There are policy changes or tactical legal moves the administration could take without Congress. For example, the president could direct the solicitor general to find appropriate cases for attacking qualified immunity in the Supreme Court. Several members of the Court have sounded skeptical about the legal basis for qualified immunity in recent years, including Justices Clarence Thomas and Sonia Sotomayor. But the president has yet to nominate a solicitor general.
Cato’s Neily suggested another far-reaching move.
“You could imagine an institution making it a condition of employment that employees of the agency not assert qualified immunity,” he told the Free Beacon. “It’s very difficult to envision, but I think it’s important to point out that it could be done, just so we know the extent of the cop out here.”

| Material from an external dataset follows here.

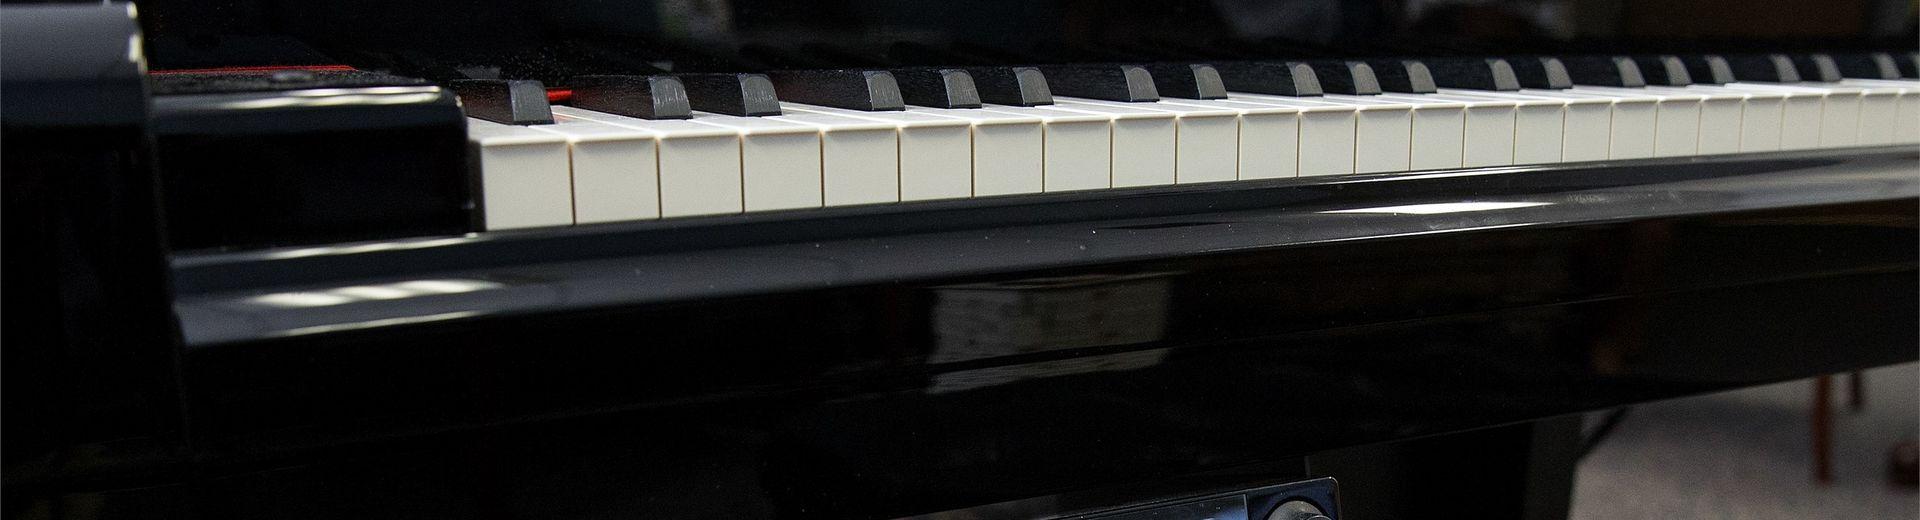 A Yamaha piano in a classroom

Even if the Justice Department is obliged to defend law enforcement, especially tragic cases will try the patience of reform-minded activists and take a toll on the administration. One such case involves an unnamed FBI agent who shot and killed Ulises Valladares during a botched rescue operation in January 2018.
Two assailants kidnapped Valladares from his home. Valladares’s brother Ernesto received a ransom call from gunmen boasting of connections to the Gulf Cartel, a violent drug-trafficking syndicate based in Matamoros, Mexico. Law enforcement traced the call to a house in northeast Houston. The agent at the center of the case approached the house with a rescue team in the predawn darkness, broke a rear window, and pointed his M4 rifle into the house.
The agent and Valladares’s family dispute what happened in the next few seconds. The agent told investigators that Valladares grabbed his weapon, and he fired thinking Valladares was one of the assailants. The victim’s widow alleges that the agent fired into the house indiscriminately while her husband was tied up and blindfolded inside, killing him.
Valladares’s family sued the agent for wrongful death and violating his Fourth Amendment right against unreasonable seizure. The Fifth U.S. Circuit Court of Appeals tossed the Fourth Amendment claim in a March 9 ruling and said the plaintiffs’ allegations “have not come close” to overcoming the agent’s entitlement to qualified immunity. The family is appealing that decision.
“We have officers shooting and killing bound, blindfolded, unarmed people by themselves and they get qualified immunity? That’s not right,” the family’s lawyer, Randall Kallinen, said at a May 4 news conference.